Un familiar le dijo que en Plaza de Mayo se estaban juntando otras madres, iguales que ella, que caminaban la noche eterna para saber qué habían hecho con sus hijos, pero todas las puertas se les cerraban. “La palabra desaparecido no estaba en nuestro vocabulario. Uno no podía pensar que no lo iba a ver más al hijo”, dijo Cortiñas. Sin embargo, así fue. A su marido lo amenazaron para que ella no saliera a reclamar. Pero la pequeña Norita no se detuvo. De la mañana a la noche, todos los días de su vida, buscó a Gustavo.
Todo lo que vino después es más conocido. Nora fundó las Madres de Plaza de Mayo, con Azucena Villaflor, la mujer de Avellaneda que de alguna manera reunió a todas las demás. “Perder un hijo es siempre una tragedia, pero hay que elaborarlo para no quedar prendida en ese laberinto y poder ayudar a quienes están en la misma situación. La soledad nunca es buena receta si se quiere saber la verdad”, comentó Nora.
En el medio empezaron a desaparecer las madres. Azucena, primero. Después otras. Y unas monjas que las ayudaban. Nora no frenó. Siguió buscando a Gustavo. Paso la dictadura, llegó la democracia y en 1985 fue testigo del juicio a las Juntas. Y siguió.
Empezaron los juicios por la Verdad y luego las detenciones a genocidas.
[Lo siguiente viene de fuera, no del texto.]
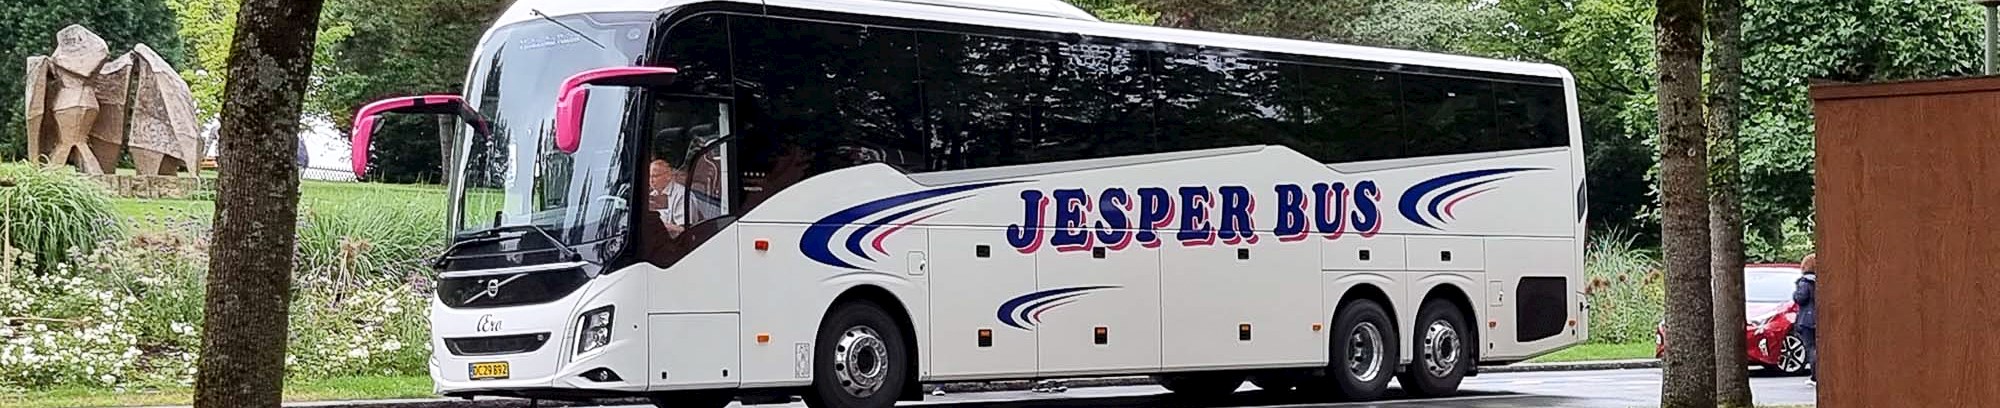 Jesper Bus' bus

Soportó los indultos, las leyes de obediencia debida y punto final y siguió. Vio caer a los jerarcas del genocidio, lo vio partir a Videla, fue testigo de la aparición de hijos y nietos. Pero nunca el suyo. Gustavo sigue, 47 años después, desaparecido. Norita nunca se detuvo. Lo buscó hasta el último suspiro. La detuvo, implacable y final, su propia muerte.